We received 19 submissions from academics and 37 from practitioners. The collective opinion of committee members who had served in prior years was that the academic submissions were typical in their number and quality. However, the practitioner submissions were up in terms of quantity and substantially up in terms of quality.

We had a very hard time selecting practitioner papers. We turned away many that were clearly ARTF quality and would have made strong contributions to the program.

Because the practitioner papers were so strong this year, we ended up accepting one more practitioner paper that was typical in prior years. The program will have 11 practitioner papers, and 9 academic papers (including the Paul Green Award winner).

[4] Program

As in prior years, the program will consist of five 4-paper presentation sessions:

Session I: Market Segmentation

Session II: Choice Models / Consideration Sets

Session III: Behavioral Models

Session IV: New Methods and Practices / New Data Sources

Session V-A: Word-of-Mouth / Social Networks

Session V-B: 2006 Paul Green Award Winner

Last year, an award for best poster was initiated. Wecontinued that this year in the hope that it would help to attract more poster papers. Last year we had 7 posters at the conference (9 were accepted), this year we have 9 committed at this time. Some of the posters are papers that we deemed to be ARTF presentation-quality, but just did not make the presentation program.

[5] Tutorials

We have a full slate of 15 tutorials this year (last year we had 13).
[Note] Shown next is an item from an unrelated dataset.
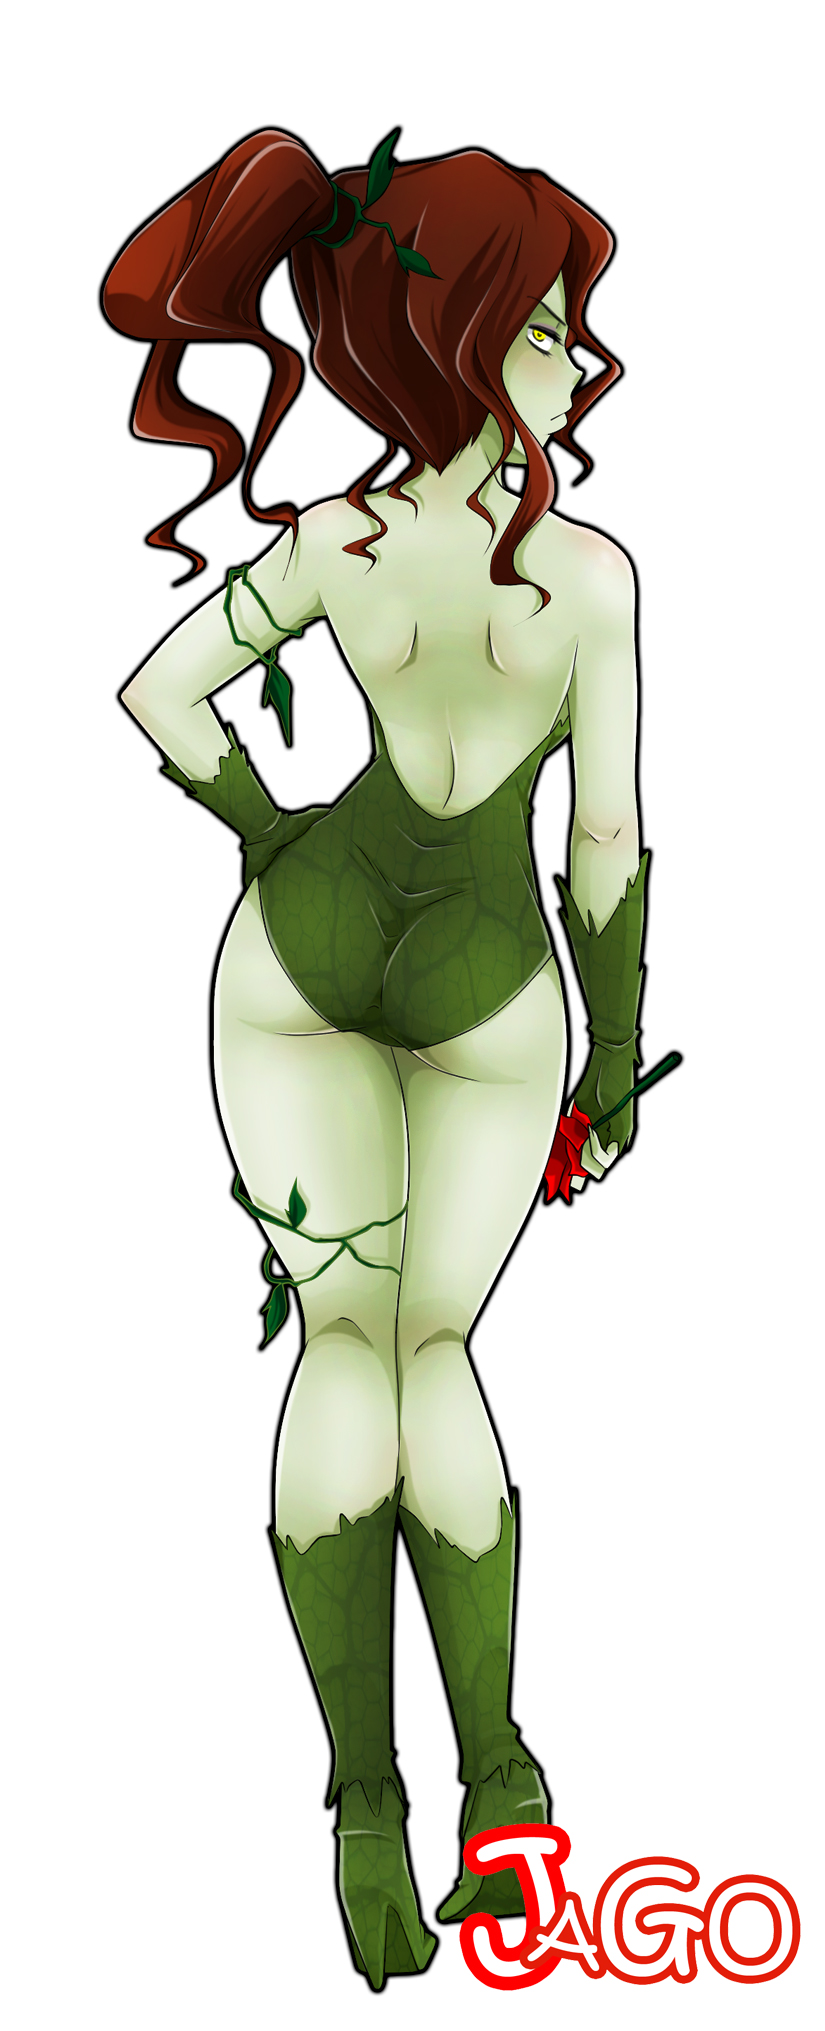 ¡Club Ecchi! Only Perverts - Página 2 Poison_ivy_by_jagodibuja-d6k6tzw
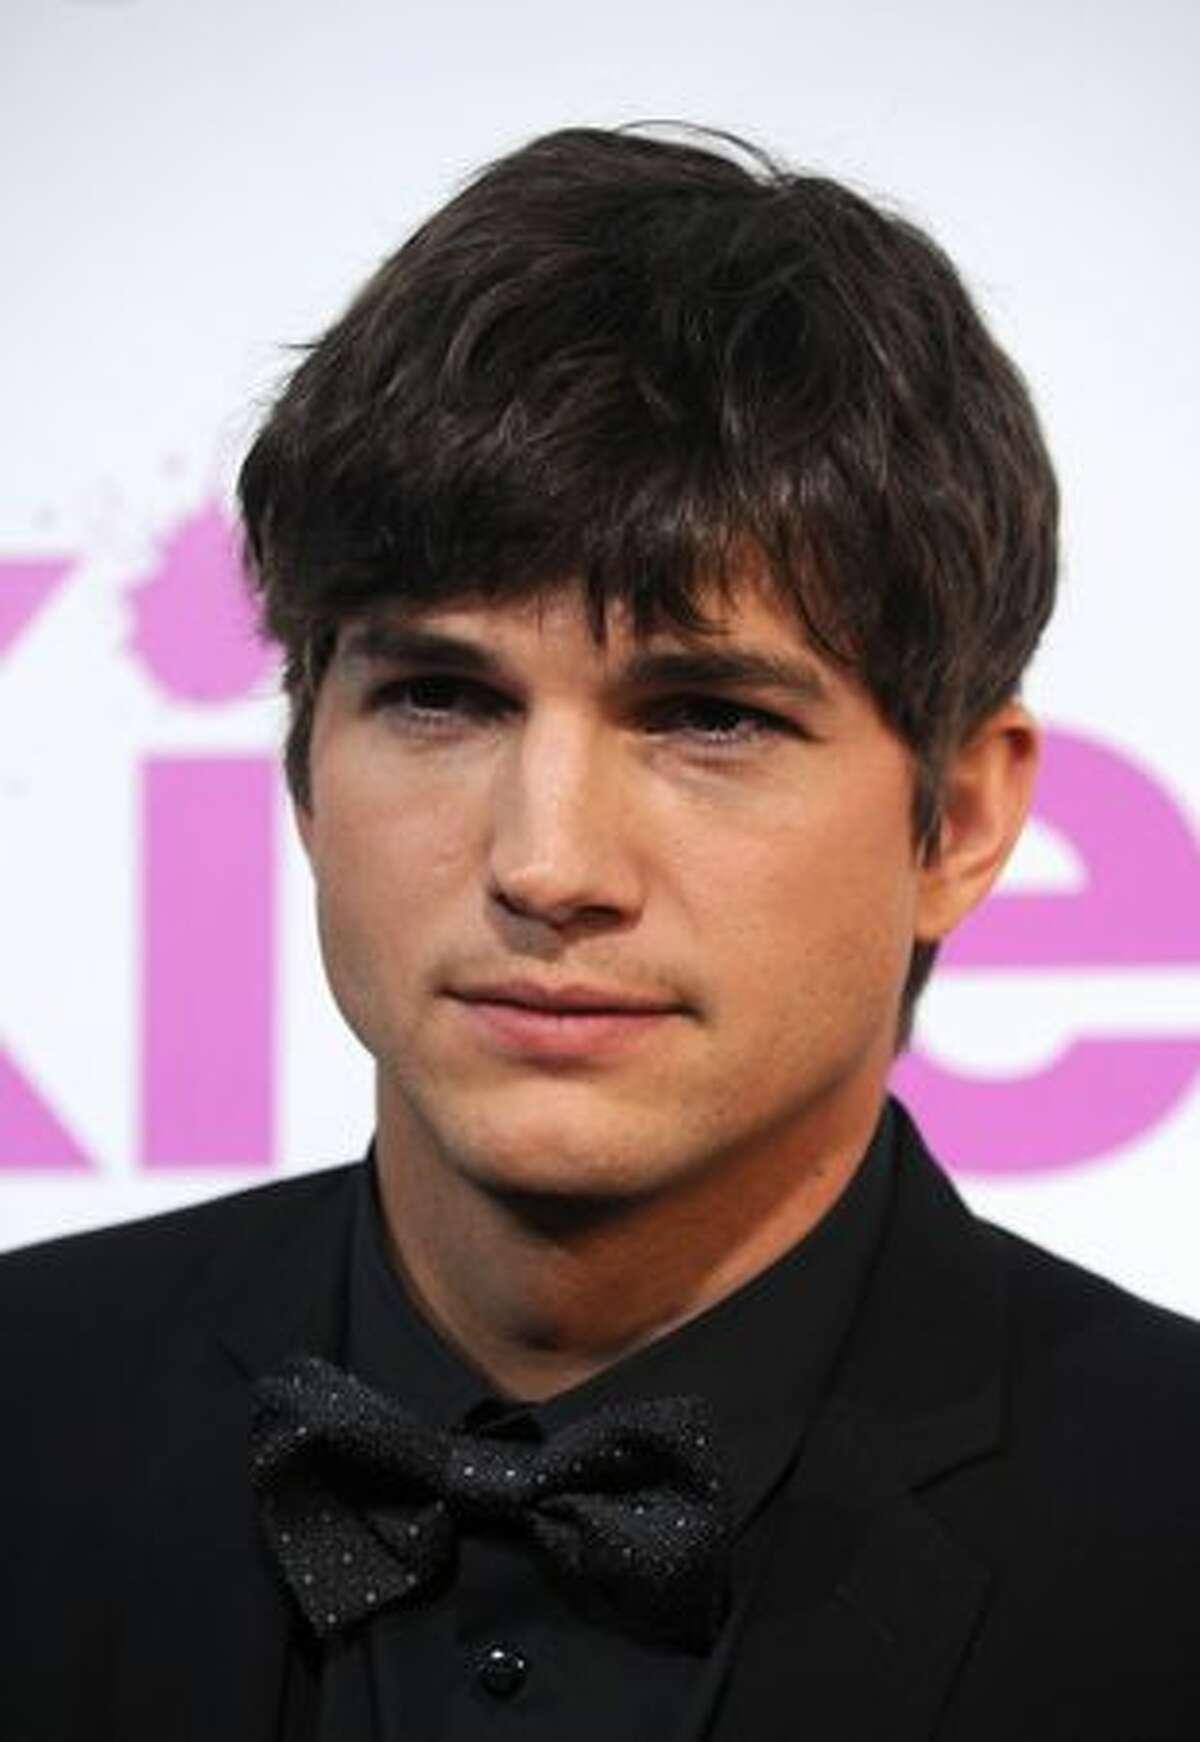 Actor Ashton Kutcher arrives to the premiere of Lionsgate's

Three repeat and 9 offered one time. The tutorial and instructor(s) are:

Making the Most of Your Trip to the ARTF (Brazell, Ford):Sun AM

Latent Class Modeling(Kamakura):Sun AM,Sun PM

Applied ProbModels: Intro(Fader, Hardie):Sun AM

(NEW) Intro to Partial Least Squares (Chin):Sun AM,Sun PM

(NEW) Intro to Scaling (Ennis):Sun AM

Intro to Discrete Choice(Pinnell):Sun PM

An Intro to Bayesian Statistics and Marketing(Allenby):Sun PM

Agent-Based Modeling(Dean, Ragusa):Sun PM,Wed PM

Prob Models for Cust. Based Analysis(Fader, Hardie):Wed PM

Adv Topics in Discrete Choice(Pinnell):Wed PM

Advanced Bayesian Statistics and Marketing(Allenby):Wed PM

(NEW)Adv. Scaling / Dynamic Gaming(Ennis):Wed PM

We have 3 new tutorials this year. Also, we have some new instructors compared to last year. Greg Allenby and Wagner Kamakura are back. Damon Ragusa and Bill Dean take over the ABM tutorial and Pinnell is going solo this year (vs. tag-team with Orme) on the Discrete Choice tutorials.

[6] Marketing the Program; Santa Fe Location

We plan to aggressively market the program once the brochure is ready.

We have a hotel constraint this year that requires that we cap registration at 200. This exceeds last year’s attendance. The last time ARTF was in Santa Fe it sold out.

[7] Other Initiatives

Nicole and I talked about possible ways we could acknowledge loyal attendees. These include:

  • Ribbons on nametag: “15+ ARTFs”, “10+ ARTFs”, “5+ARTFs”
  • Poster titled “Celebrating ARTF” which would contain pics from past locations; list of attendees in the 15+ ARTFs club; list of past best presentations and posters; list of past Paul Green Award winners; info on the 2008 ARTF location.